Douglas Waller

How did you become a writer?

I’d like to say I was focused and intent on being a writer early on, but that wasn’t the case. I drifted from course to course in college and finally ended up as an English major at Wake Forest University, but hardly a stellar student. My junior and senior year, I began taking a few journalism classes and working on the student newspaper. I found I liked journalism.

My first eight years out of college, I worked for newspapers in North Carolina, where I sat on a copy desk, covered the criminal courts, wrote some investigative pieces, and learned the craft of writing along the way. I took a break from journalism for eight years and worked as a legislative assistant in Congress. Next I moved to Newsweek and then to Time magazine as a correspondent. At Newsweek I began writing books on the side. Now I write books fulltime.

Name your writing influences (writers, books, teachers, etc.).

Bynum Shaw, who had worked for the Baltimore Sun, taught the journalism classes at Wake Forest and had written several superb novels, was my mentor. He taught me the basics of reporting and inspired me. He also got me my first two newspaper jobs in North Carolina. As a young writer, I read countless fiction and nonfiction books along the way to try to copy the styles of the authors.

The best book I’ve ever read on writing clearly and concisely is The Elements of Style by William Strunk Jr. and E. B. White. At Newsweek, my boss Evan Thomas (who was the magazine’s Washington bureau chief and a best-selling author) taught me how to be a magazine writer and passed on a lot of valuable advice on book writing.

When and where do you write?

Writing is a nine-to-five job for me. I go to the office (which is now the third floor of our home) Monday through Friday to research and write.

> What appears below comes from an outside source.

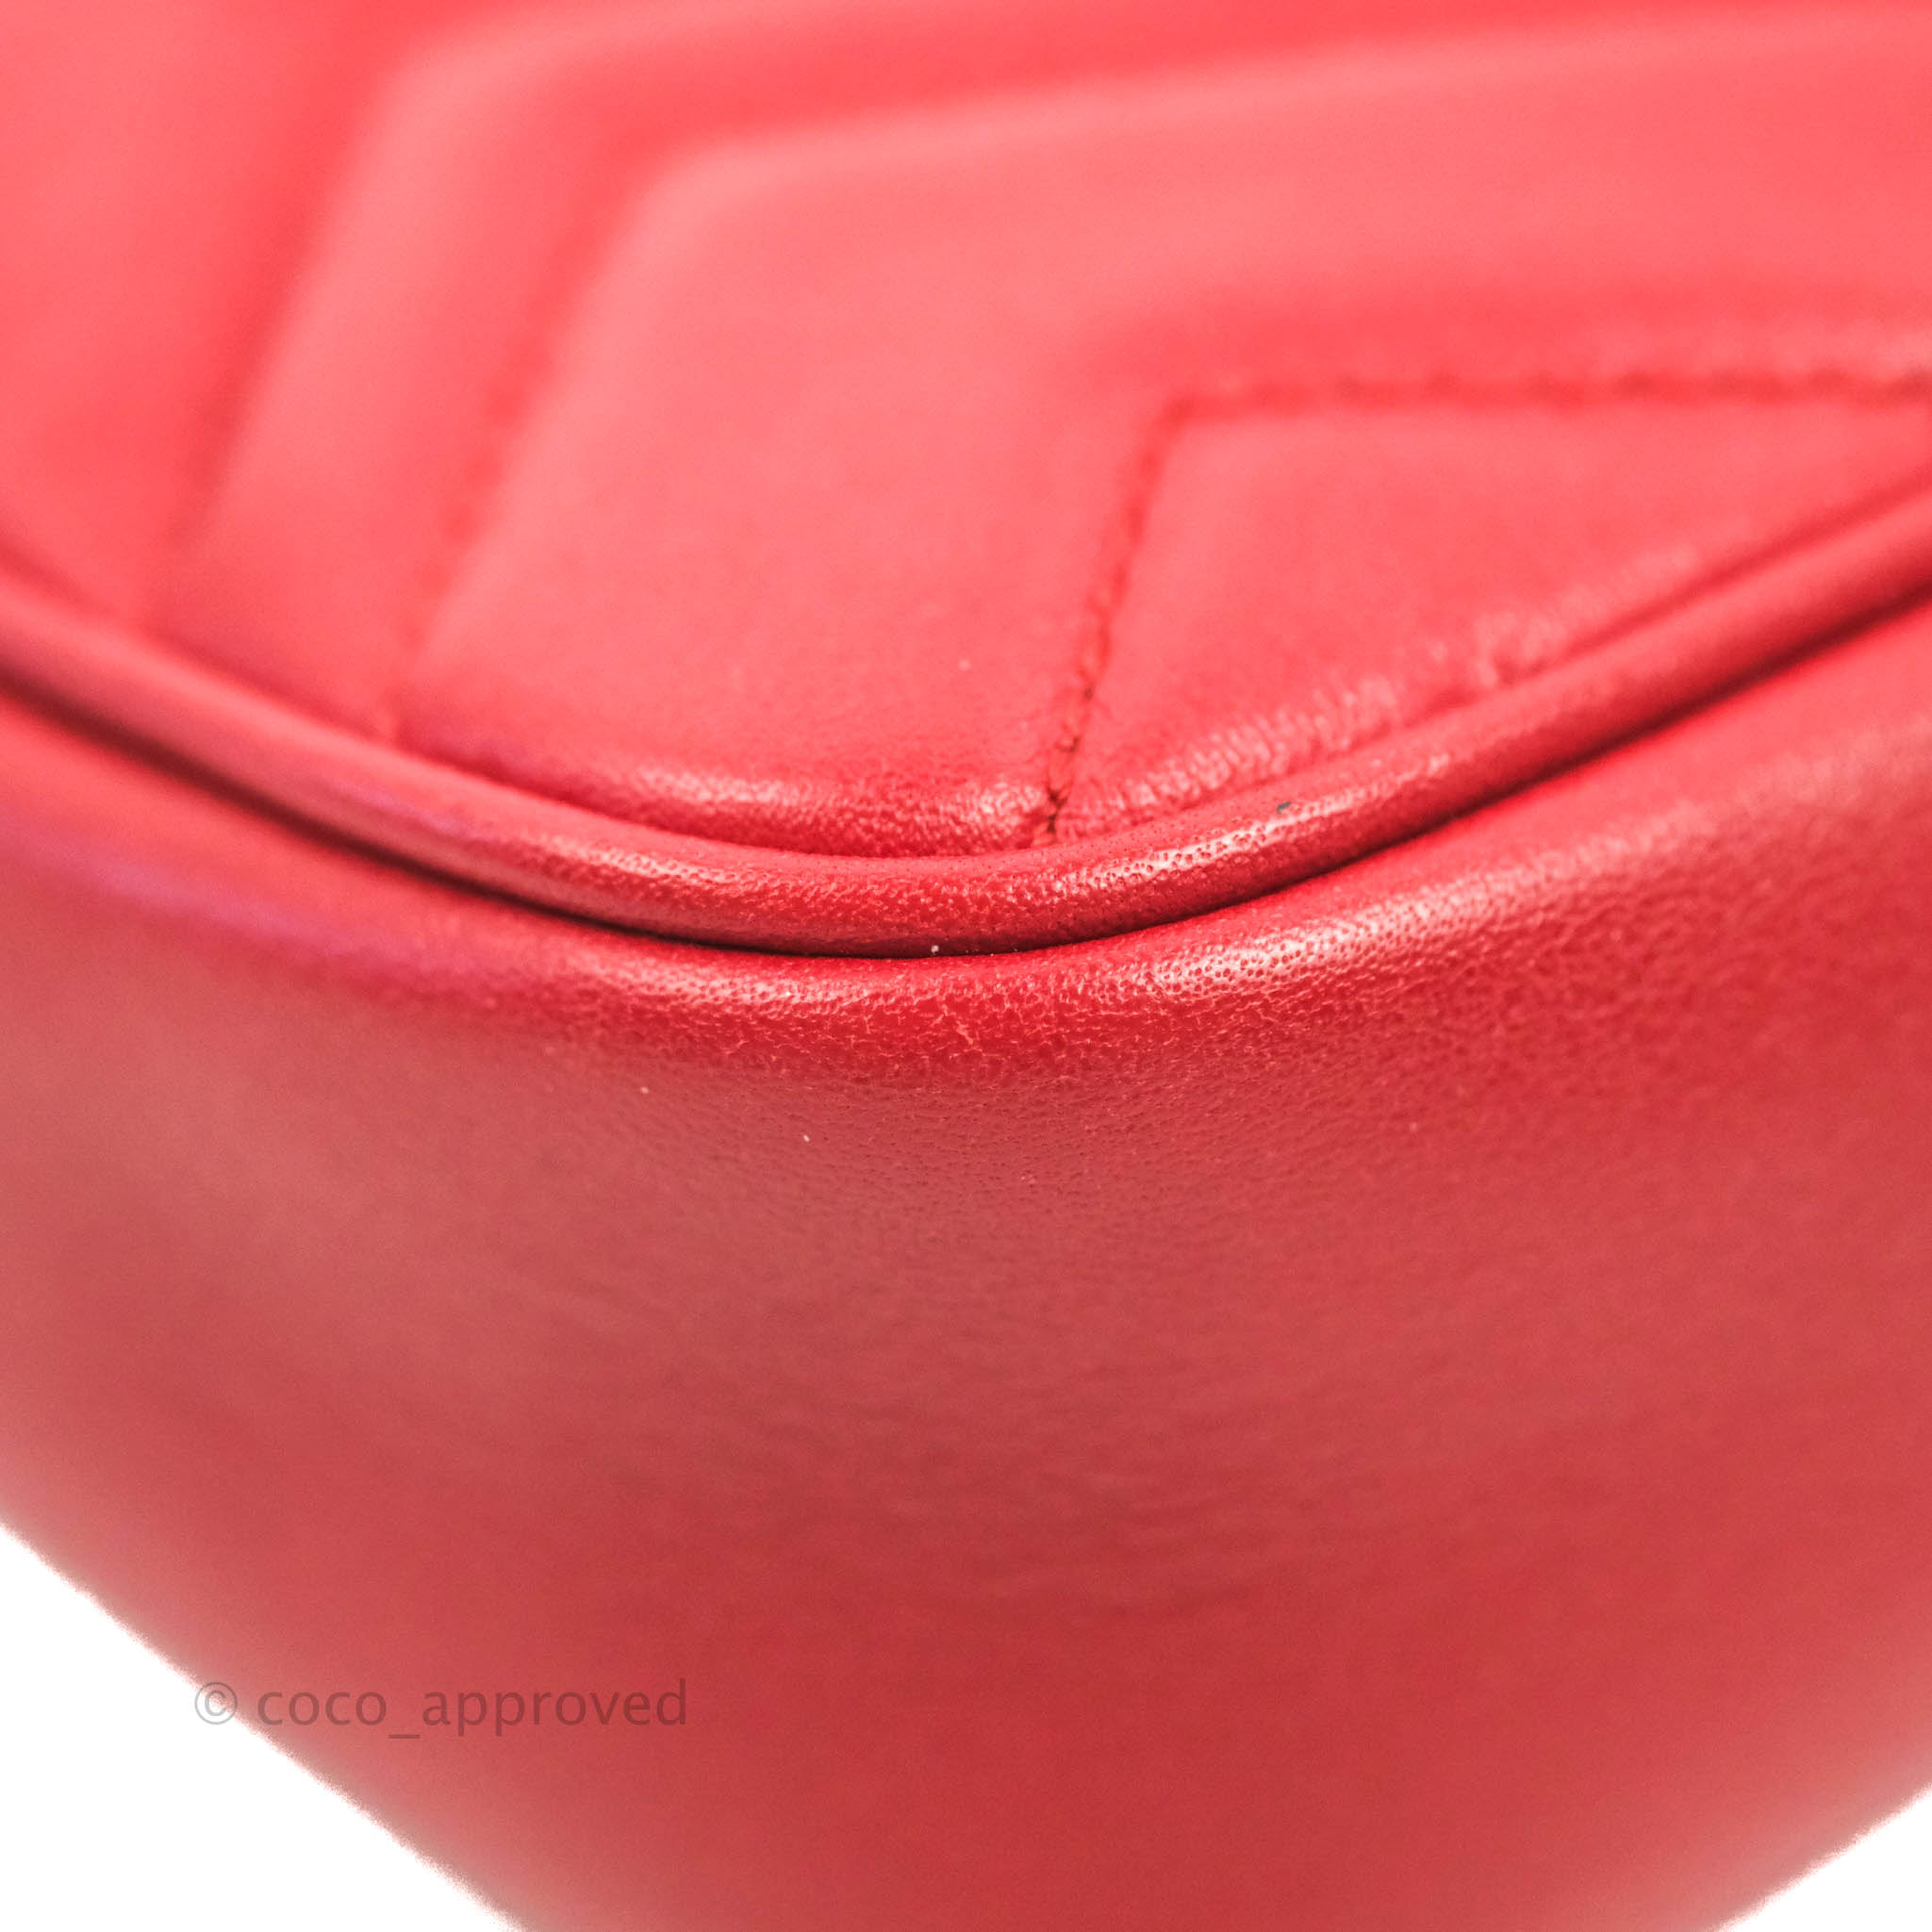 Gucci Red GG Marmont Super Mini Bag – The Closet

What are you working on now?

Simon & Schuster just published my sixth commercial book: Disciples: The World War II Missions of the CIA Directors Who Fought for Wild Bill Donovan. This is a World War II spy book, which follows my last biography of General William “Wild Bill” Donovan, head of the Office of Strategic Services, Franklin Roosevelt’s World War II spy agency. For my next book, I plan to shift from World War II to the Civil War and write about spying during that conflict.

Have you ever suffered from writer’s block?

No. Some days the writing might be more labored than on other days. But if I ever became afflicted with writer’s block, I’d just say to myself--“Get over it. And get over it quickly.” Writing is a job like any other job, as far as I’m concerned. If you’re a factory worker, a business person or whatever, and you show up one morning and tell your boss, “I don’t feel like working today,” he or she will likely tell you, “Get over it or you don’t get paid.”

What’s your advice to new writers?

I’m frequently asked this when I talk to students who want to be writers. Or I plant the question with the audience. My answer: study everything, absorb everything. Read not only poetry, short stories, plays, novels, and nonfiction works to soak up the style and voice of other authors. Also take classes in the sciences, mathematics, history, politics and economics. You don’t know what you’ll need to know as a writer.

I’ll give you an example. I wrote BIG RED, a nonfiction book on a Navy nuclear submarine. I recounted in one dramatic scene how the crew tracked enemy submarines and fired torpedoes at them. Calculating the firing solution for launching a torpedo at another sub requires the crew to use trigonometry. I had trigonometry in high school and it went in one ear and out the other. Before I could watch this exercise in the sub and recreate it for my readers, the boat’s executive officer gave me evening classes in trigonometry so I would understand what I was seeing.

On October 6, Simon & Schuster released Douglas Waller’s latest book: Disciples: The World War Two Missions of the CIA Directors who fought for Wild Bill Donovan. His other books include the best-sellers Wild Bill Donovan: The Spymaster Who Created the OSS and Modern American Espionage, The Commandos: The Inside Story of America's Secret Soldiers, and BIG RED: The Three-Month Voyage Of A Trident Nuclear Submarine. Waller also wrote Air Warriors: The Inside Story of the Making of a Navy Pilot and the critically acclaimed biography, A Question of Loyalty: Gen. Billy Mitchell and the Court-Martial that Gripped the Nation.